The economic explanation for the seventeenth-century domestic spending spree is that the Netherlands had no collective economic sink, such as a royal court or princely church, to absorb their inflow of capital: faced with this embarrassment of riches, the Dutch poured their gold into their houses. But there is a psychological explanation which merits attention -- although I apologise in advance for its familiarity and possible offensiveness. It goes like this. The Netherlands, much of which lies below sea level, has a perilously elastic envelope separating the homeland from sea, a condition which has impressed into the individual Dutch soul a paranoiac anxiety to defend an inhabited interior (the self) from a menacing exterior. I'm not saying this is true. But if it is, the literal house, as an emblem of inner personal tranquillity and security, would be well worth throwing money at.

This paranoia, if such it was, was distilled into cultural form by the stupendous pictures of domestic interiors of the time: one thinks especially of Pieter de Hooch and Johannes Vermeer. It is certainly astonishing how interior these interiors are. Much, perhaps most, painting had placed the action comfortably in the frame, leaving the viewer some distance outside the picture space, looking in.

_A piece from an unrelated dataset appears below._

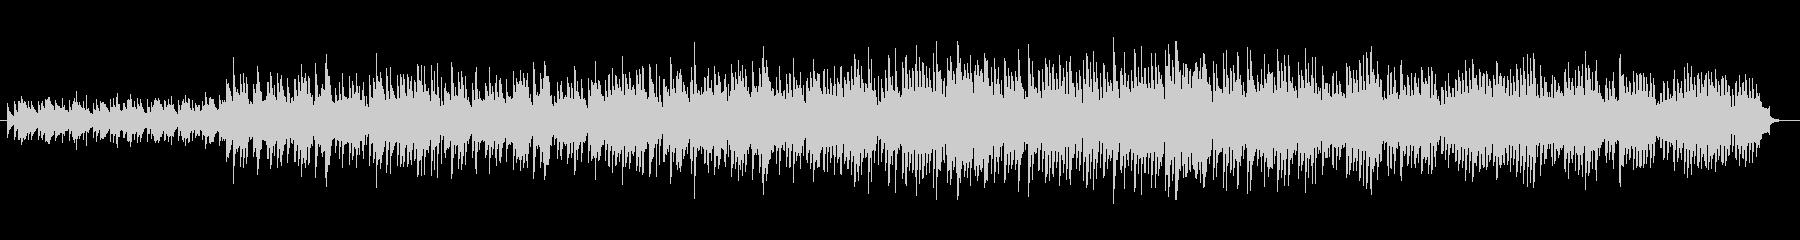 アップテンポなマリンバが印象的なインストの未再生の波形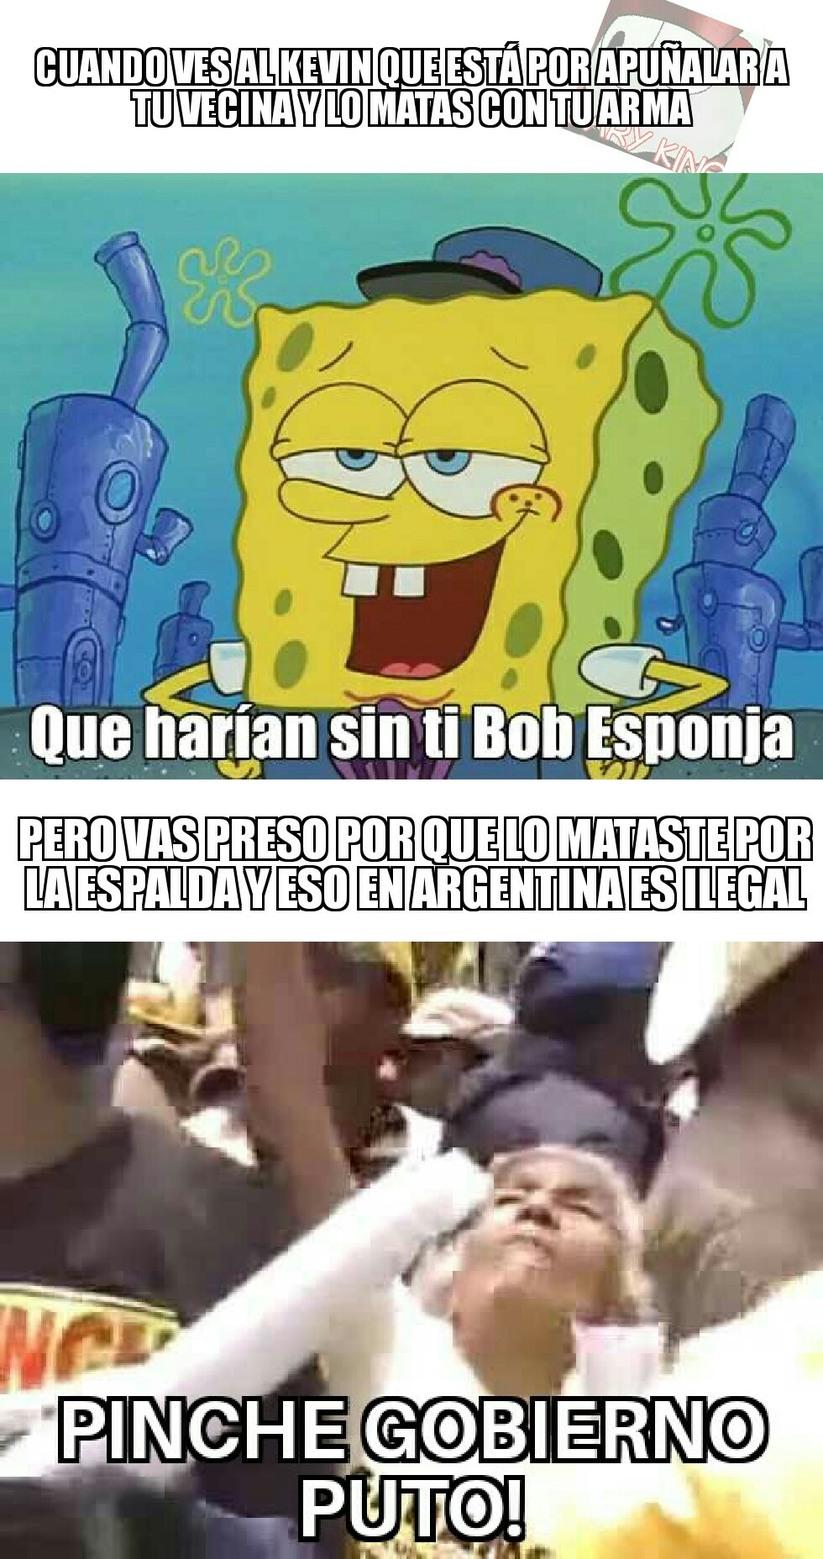 Grande Argentina! - meme

But these Dutch interiors extend to the frame like a photograph, drawing us into their intimacy and security (4).

In these interiors, too, generous windows admit a light as clear and clean as the domestic space they wash. But they offer us little glimpse, if any, of the world outside. It is almost as if the paintings on the wall had supplanted windows in their role as eyes looking out into the external world.

These paintings on the walls might be interior scenes themselves, homely conversational groups, or still lives of earthenware pots and pewter platters. But some were very strange indeed: I refer to those extravagantly labour-intensive still lives by such artists as Pieter Claesz or Willem Kalf (5). These might show a vase of riotous flora, say, or the remnants of a feast--jugs, goblets half-full of wine, a creased tablecloth, a china plate of uneaten food, a spiral of lemon peel.

I have to admit that these give me the creeps. They have the gloss, the high production values, and the lascivious exposure of studio pornography. Their close-up gaze, their in-your-face intimacy, insists that we stroke the silk, taste the meat, smell the flowers--enjoy them bodily as possessions. They resemble television in their close-up intrusiveness, internal luminosity and shallow spatial depth. They also have an immersive vividness which electronic virtual reality only aspires to.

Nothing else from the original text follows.